On Dec 11, 2013, at 12:22 PM, Guy Harris <g...@alum.mit.edu> wrote:

> On Dec 1, 2013, at 3:32 AM, Romain Francoise <rom...@orebokech.com> wrote:
> 
>> - the nflog-e testcase requires a little-endian host, the NFLOG TLV
>> length is in host byte order and the capture file was generated on a
>> little-endian machine, so it can't be read successfully on a
>> big-endian build host.
> 
> That means that the libpcap code should, if the byte order of the host that 
> generated (that section of) the file is different from the byte order of the 
> host on which the code is running, byte-swap the TLVs.

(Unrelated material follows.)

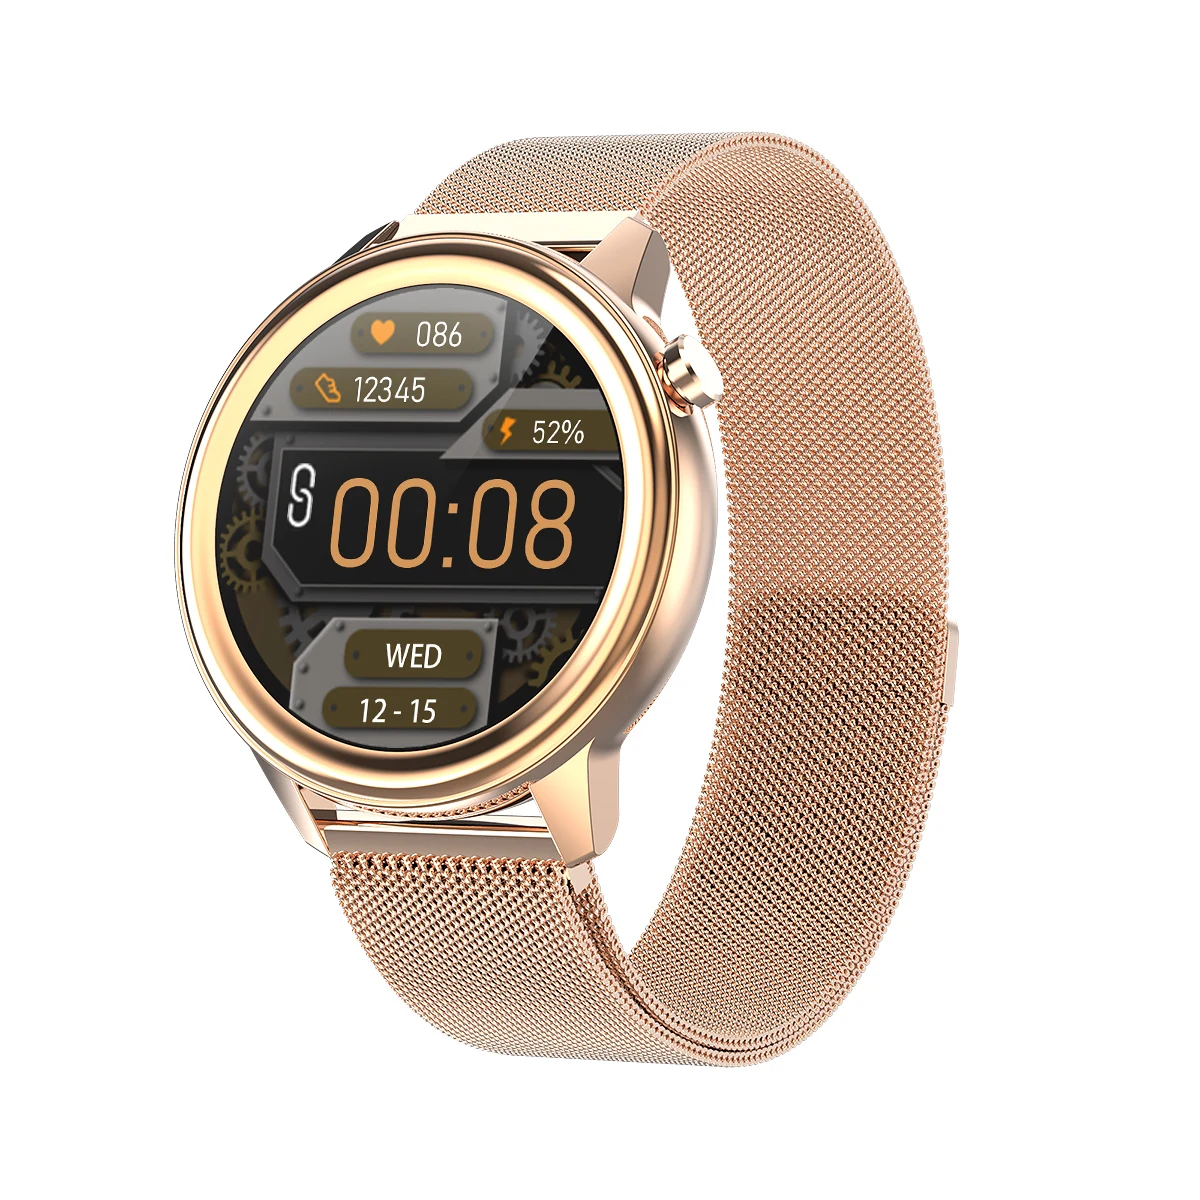 

2020 Waterproof IP68 1.3in dynamic UI temperature monitoring F81 smart watch with Heart rate monitor blood oxygen monitoring, Gold, blue
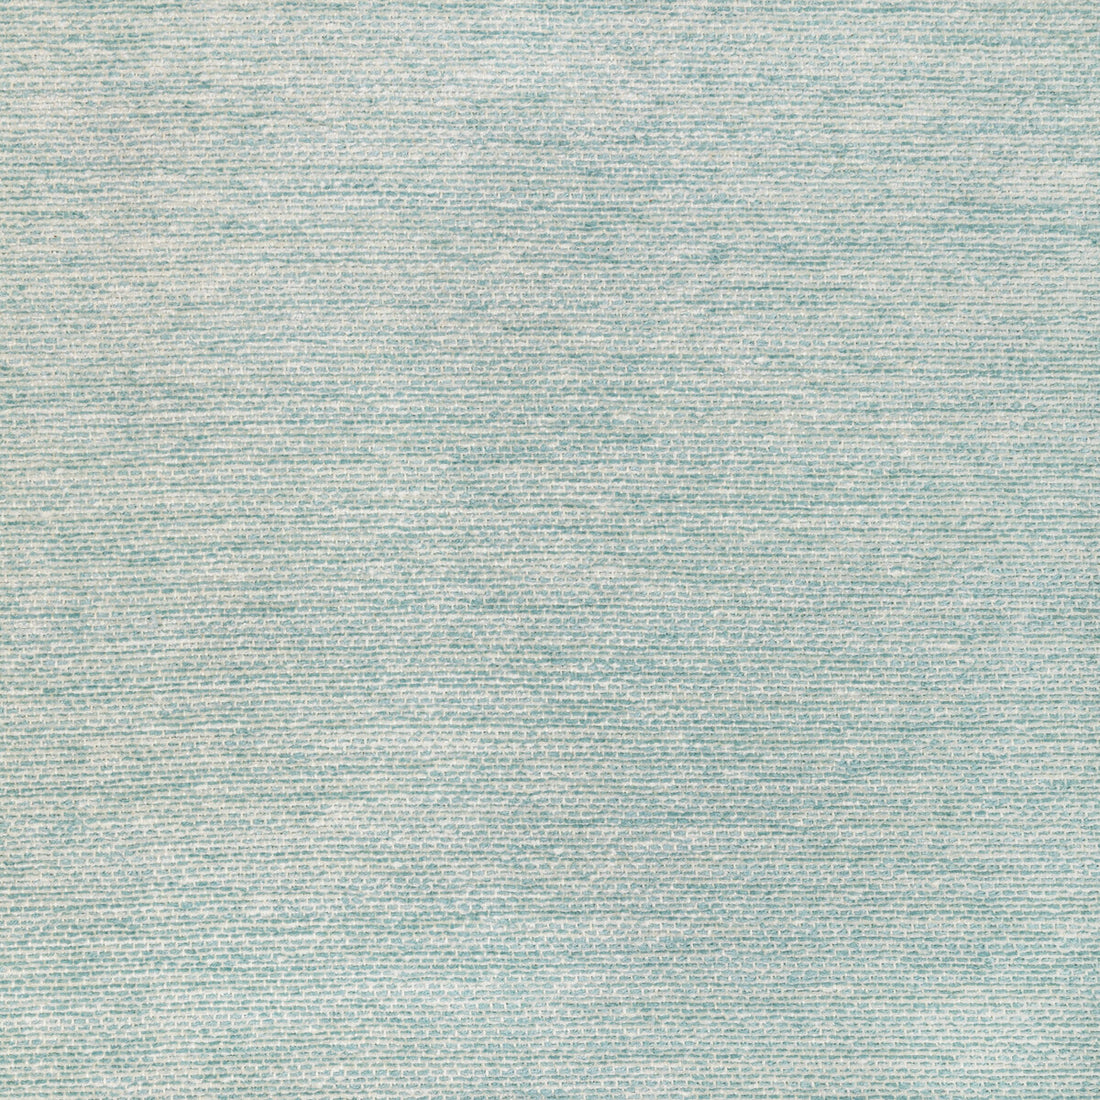 Cognin Texture fabric in mist color - pattern 8022126.113.0 - by Brunschwig &amp; Fils in the Chambery Textures III collection

Which, as of some recent checkins on the trunk and 1.5 branch, it now does.

> If the TLV *data* is in host byte order

>From a quick look at the Linux kernel code, it's not - it's either

        1) a character string that's neither UCS-2 or UTF-16 nor UCS-4;

        2) a big-endian value or a structure containing big-endian values;

        3) a link-layer header from a packet;

        4) the stuff in a packet following the link-layer header;


and:

        the byte order doesn't matter for 1);

        the byte order is standardized for 2);

        the byte order is specified by the protocol standard for 3) and 4), and 
if there's a case where there's a problem, it's also a problem with regular 
network traffic of that type.

So the problem should be solved with the libpcap code on the trunk and in the 
1.5 branch.  (I tested that code with the latest trunk and 4.5-branch tcpdump, 
and the regression tests passed on SPARC/Solaris, PA-RISC/HP-UX, and Power 
ISA/AIX.)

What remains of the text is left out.